Gibt es dazu eine Entscheidung im Ministerium? Wenn nein, welcher Zeithorizont ist geplant?

Ewald: Ich kann Ihnen dazu von keinem neuen Stand berichten. Sie wissen, dass wir Kontakt mit dem Unternehmen aufgenommen haben. Sie wissen auch, dass es im Rahmen der rechtlichen Möglichkeiten - das Programm nennt sich „Compassionate Use“ - die Möglichkeit gibt, so ein Medikament vor der normalen Zulassung einzusetzen. Ich kann Ihnen darüber hinaus keinen neuen Stand mitteilen, was Fragen der Erstattungsfähigkeit durch die Krankenkassen angeht.

Frage: Ich habe eine Frage an das Ministerium für Wirtschaft und Energie. Die Europäische Kommission hat angekündigt, dass sich Herr Maroš Šefčovič morgen mit Herrn Altmaier treffen wird. Können Sie etwas zu der Agenda dieses Treffens sagen? Was werden die beiden besprechen?

Einhorn: Vielen Dank für die Frage. - Sie haben recht: Die EU-Kommission hat auch schon vor einer guten Stunde bestätigt, dass es morgen trilaterale Gespräche geben wird, dass die trilateralen Gespräche zum Thema Gas hier in Berlin fortgesetzt werden. Auch das BMWi und unser Minister Altmaier sind in diese Gespräche eingebunden. Aber zu diesen Gesprächen eingeladen hat die Europäische Kommission, und sie wird sie auch durchführen. Deshalb würde ich Sie auch bitten, Fragen der Agenda und der Themensetzung dorthin zu richten.

Zusatzfrage: Wird es morgen Früh gegen 9 Uhr ein bilaterales Treffen von Herrn Altmaier mit Herrn Šefčovič geben?

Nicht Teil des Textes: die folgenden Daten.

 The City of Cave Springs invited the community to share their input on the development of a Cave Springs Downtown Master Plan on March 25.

Einhorn: Wie gesagt, es ist jetzt bestätigt, dass diese trilateralen Gespräche stattfinden werden. Auch der Minister wird daran teilnehmen. Darüber hinaus haben wir noch keine presseöffentlichen Termine für diesen Anlass bekanntgeben. Insofern kann ich darüber jetzt auch nicht mehr berichten.

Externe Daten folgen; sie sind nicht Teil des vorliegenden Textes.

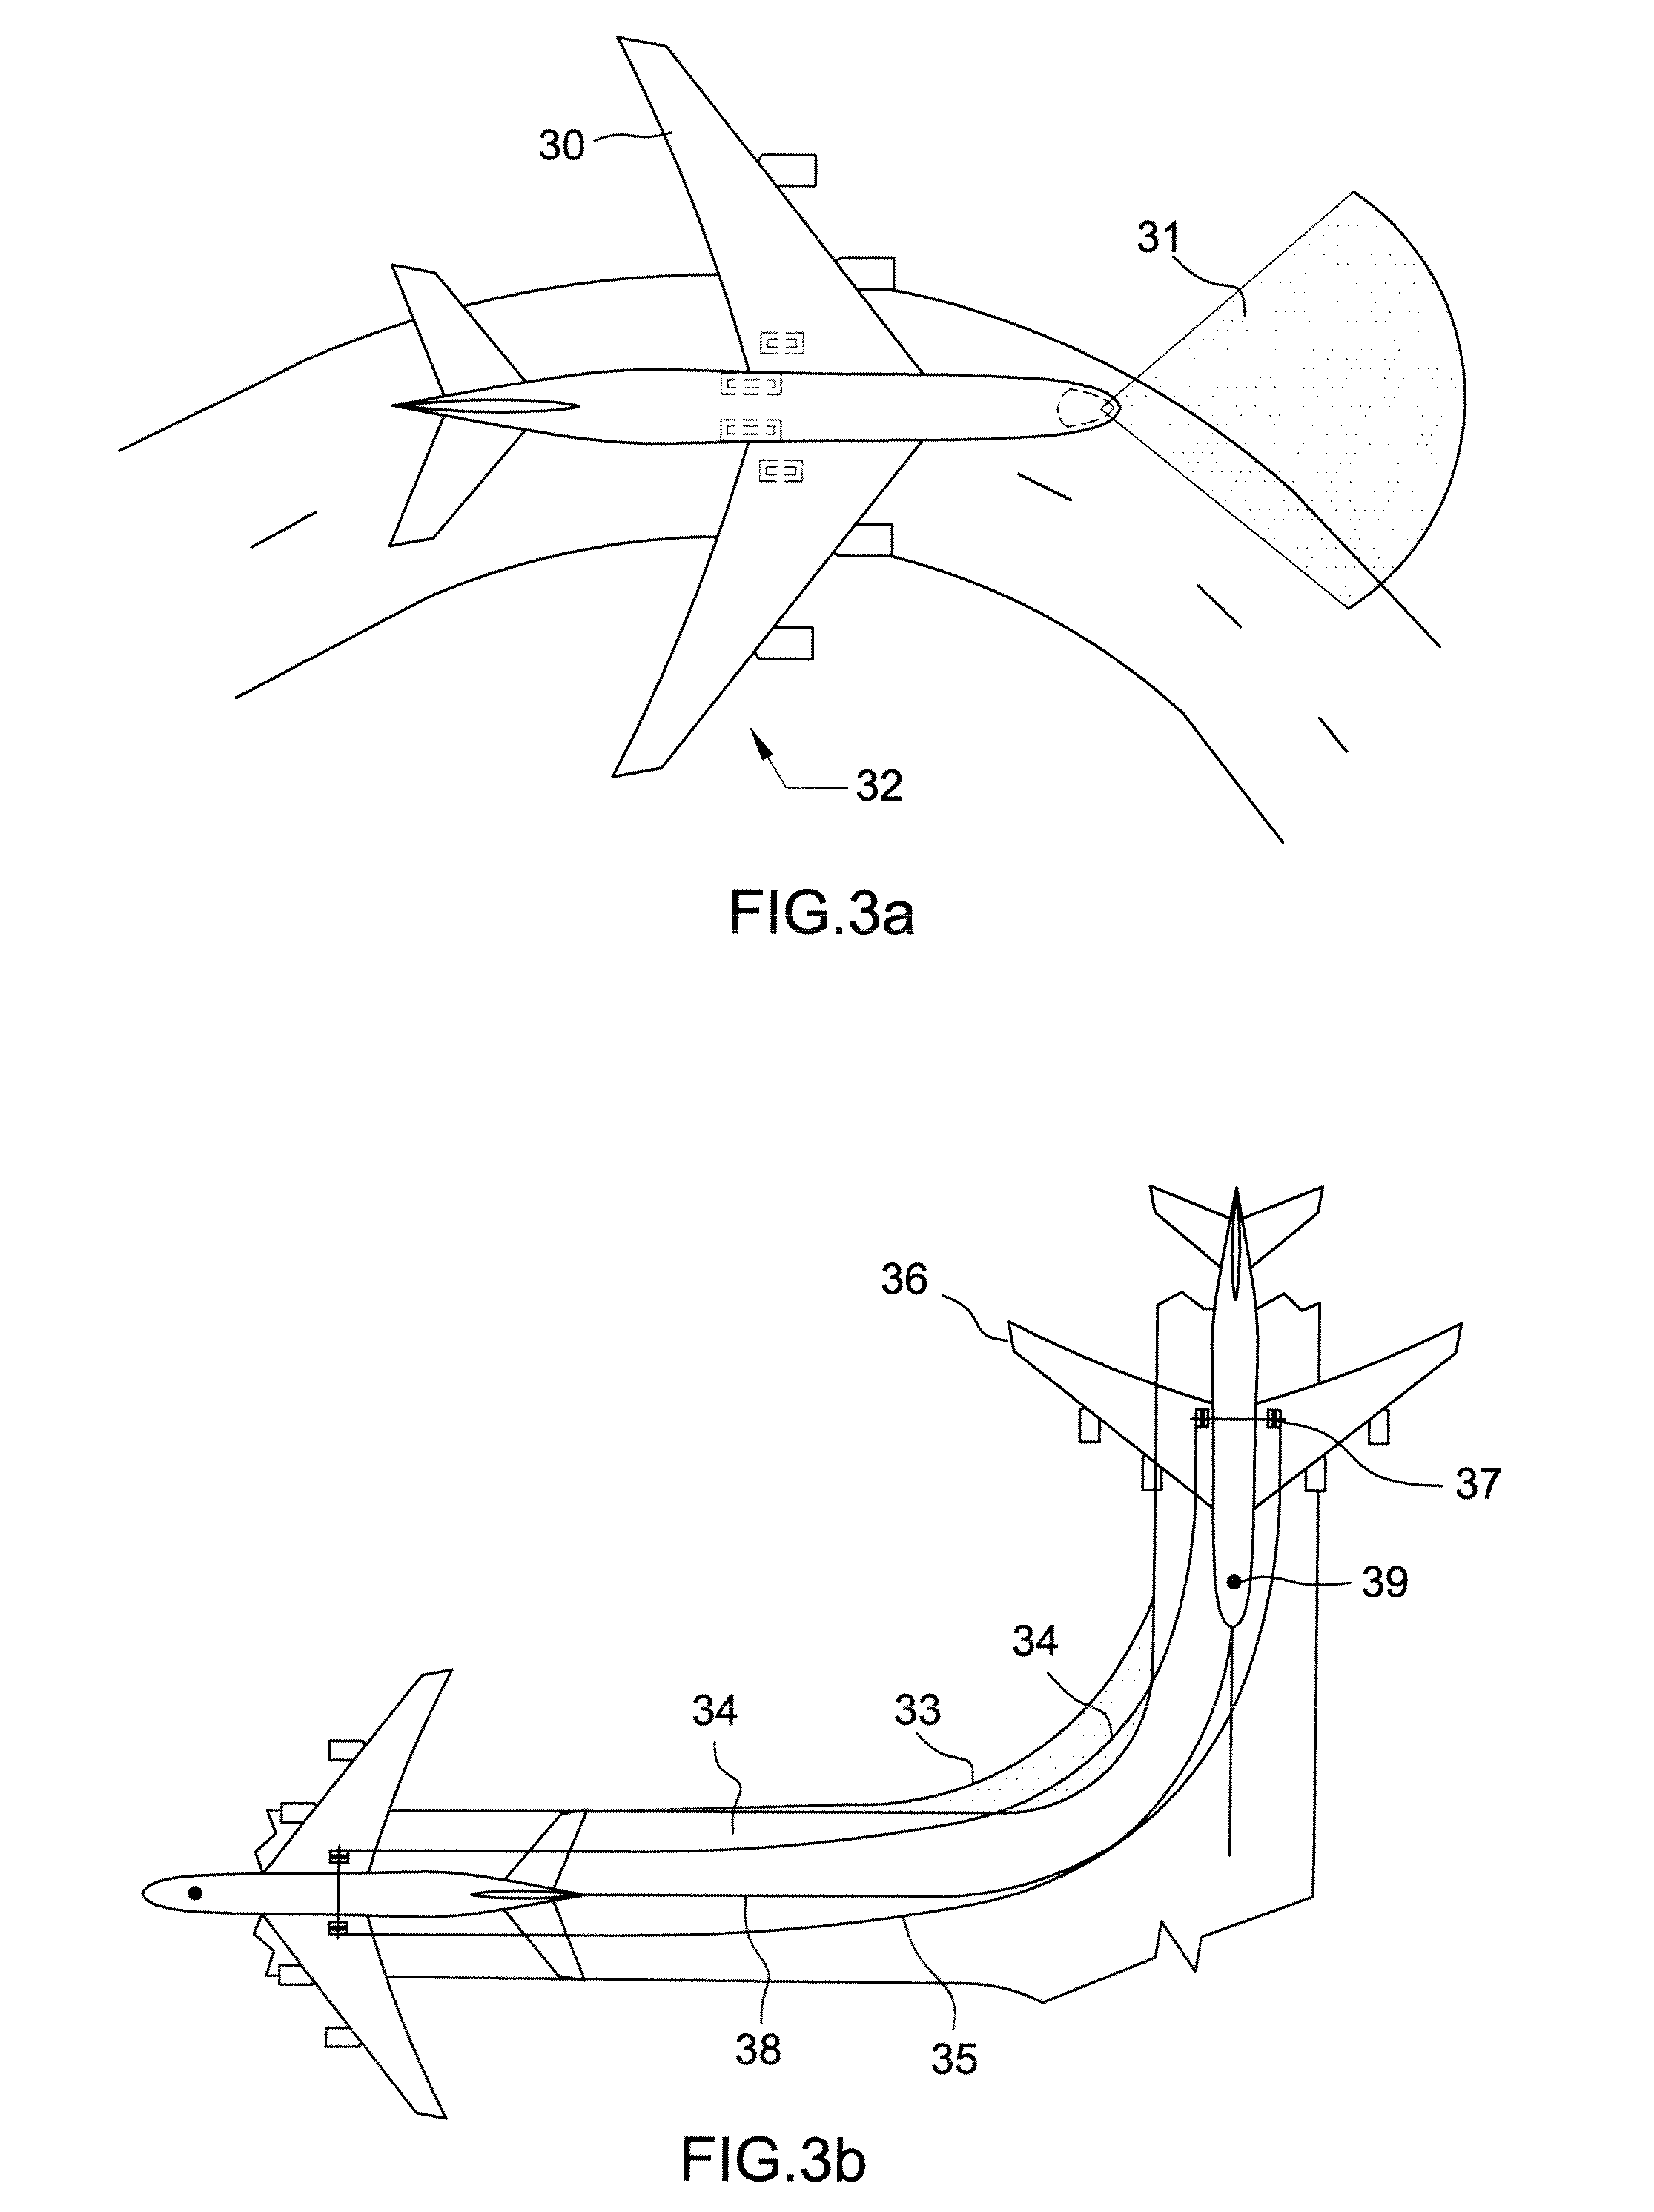 Guiding and taxiing assistance optoelectronic device for an aircraft having a dedicated symbology

Frage: Bedeutet „trilaterale Gespräche“, dass bilaterale Gespräche damit im Umfeld ausgeschlossen sind oder könnten die auch noch stattfinden?

Einhorn: „Trilateral“ heißt nicht, dass jetzt immer drei gleichzeitig miteinander sprechen. Aber dazu, wie das genau ausgestaltet wird, können Sie vielleicht noch einmal bei der Europäischen Kommission nachfragen und ob es dort eine Agenda gibt.